2013-05-08 04:10:50.730638 EDT,,,p28480,th111540096,,,,0,,,seg-1,,,,,"WARNING","01000","threshold '75' percent of 'gp_segment_connect_timeout=1500' is reached, mirror may not be able to keep up with primary, primary may transition to change tracking",,"increase guc 'gp_segment_connect_timeout' by 'gpconfig' and 'gpstop -u'",,,,,0,,"cdbfilerepprimaryack.c",860,

Case 2

Mirrors go down due to missing files. Find the log entry referring to 'transition' and search for missing files in the segment log files.

Case 3

There is multiple reasons for primary segments being down. Review the primary segment log files at the time the primary segment failed. Look for the word "transition". The reason for failure is one of the following:

PANIC/SIGSEGV
Out of memory (OS or VMEM)
Network issues

Case 4

The postmaster process on the primary segment verifies periodically if the I/O on the segment data directory works properly (this file can be written and read). This process is completed by writing a file under the data directory ("fts_probe_file.bak").

When there is a problem with the I/O (stuck controller), the segment will not be able to respond to FTS process on the master. The FTS will promote the mirror to primary and transition the primary to mirror. Symptoms of these issues are when segments are transitioned and segment servers are "stuck".

Long-Term Trend Analysis

Analyze the past behavior of segment failures to identify any long-term trends, such as possible hardware issues. There is a PSQL script attached to this article (segment_failures.sql) which can be used for this purpose.

This script will analyze the last three months of segment failures and produce 3 reports:

Any primary segments that have failed more than once within the reporting window.
Any mirrors that have failed more than once within the reporting window.
Any server with segment failures, the date and time (to an hour granularity) and the number of segment failures (mirror and primary) within that hour window.

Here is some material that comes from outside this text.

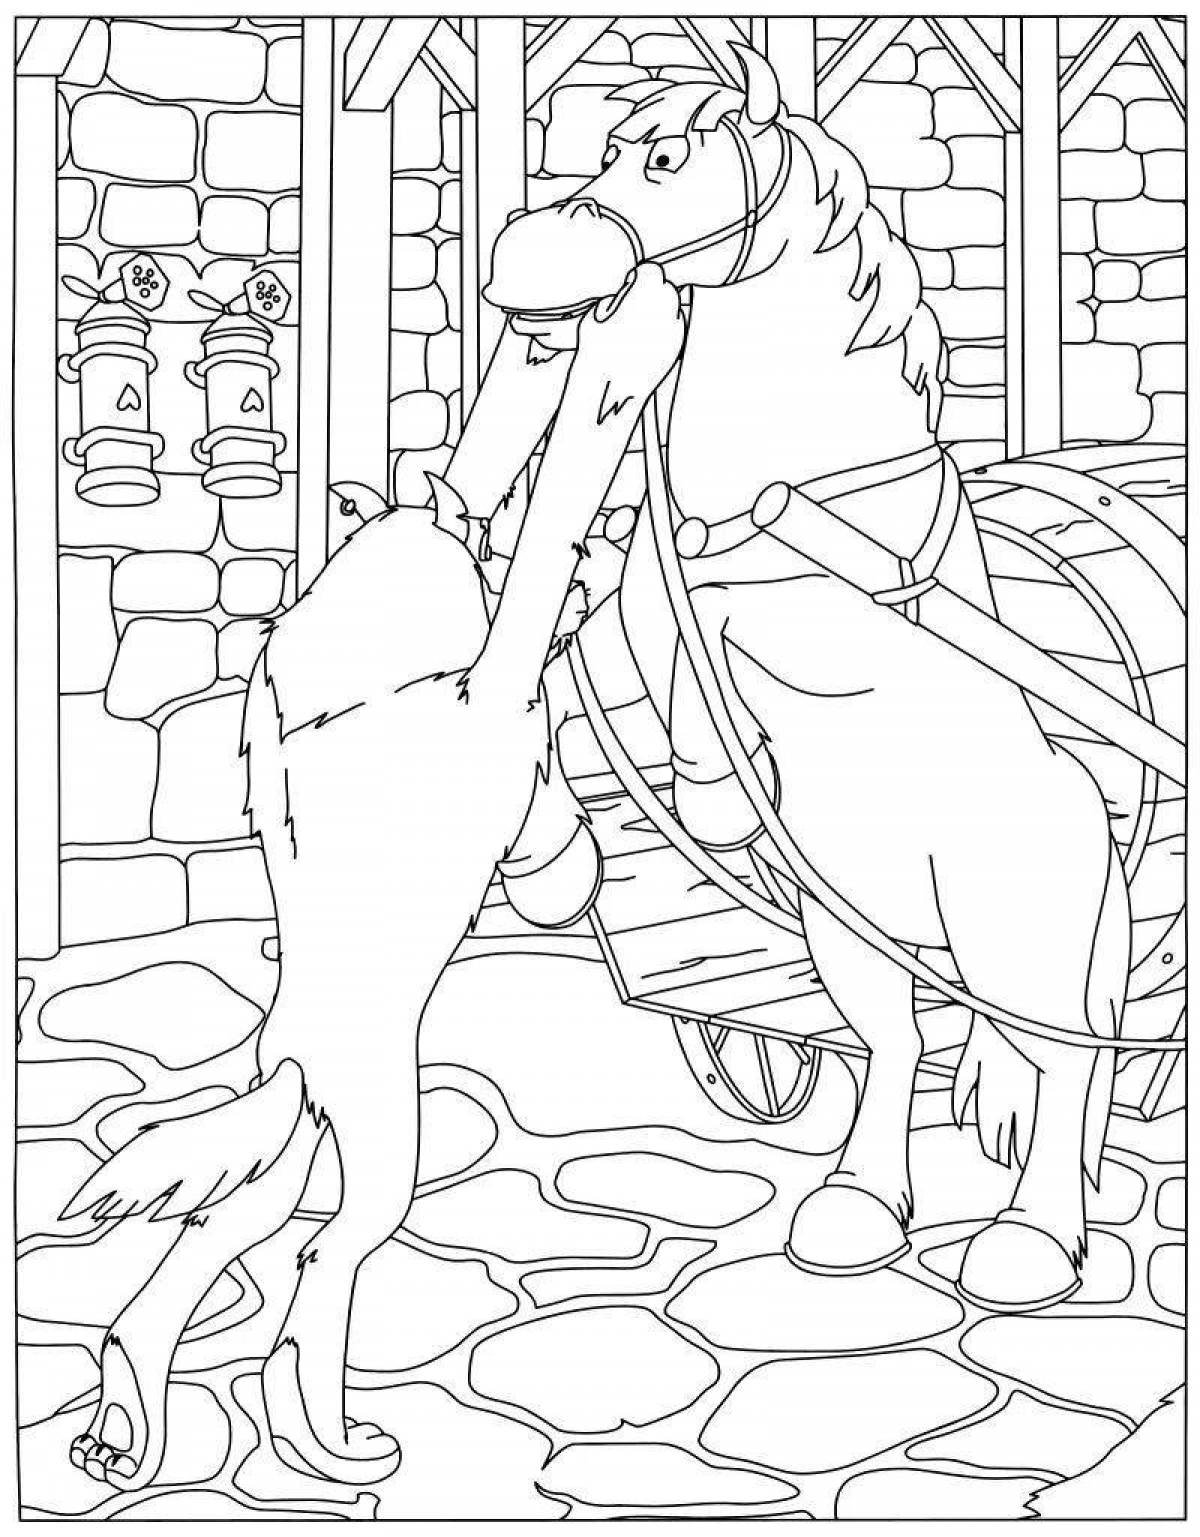 Glowing ivan tsarevich and the gray wolf 4 coloring book

The output will look similar to the following:

[gpadmin@mdw ~]$ psql -p 54320 -f f.sql
Timing is on.
Primary segments with more than 1 failure
 hostname | content | number_failures
----------+---------+-----------------
(0 rows)

Time: 15.570 ms
Mirror segments with more than 1 failure
 hostname | content | number_failures
----------+---------+-----------------
 sdw1     |       2 |               2
 sdw1     |       3 |               2
(2 rows)

Time: 4.946 ms
Hosts and time with failures
 hostname |      failure time      | number_failures
----------+------------------------+-----------------
 sdw1     | 2016-01-14 10:00:00-08 |               4
 sdw1     | 2016-02-29 07:00:00-08 |               2
 sdw1     |                        |               6
          |                        |               6
(4 rows)

Time: 2.476 ms

Based on the above output, certain segments can be flagged for investigation for potential failures.

The third report can also be used to roll up the total number of segment failures per node for the reporting period.

To change the reporting period, alter the first line of the script:

\set report_interval ('3 month')::INTERVAL

Additional Information

Details about the segments down are located in the segment DB logs.
Use gp_configuration_history to understand if there any patterns.
Use gpstate -e to see the quick state of segments.
Catalog issues can also cause segments to go down.
Always understand why segment went down before you can suggest the recovery.
gprecoverseg full deletes all the data and files in the segment data directory.
Running incremental recovery after full will not work, due to above reasons.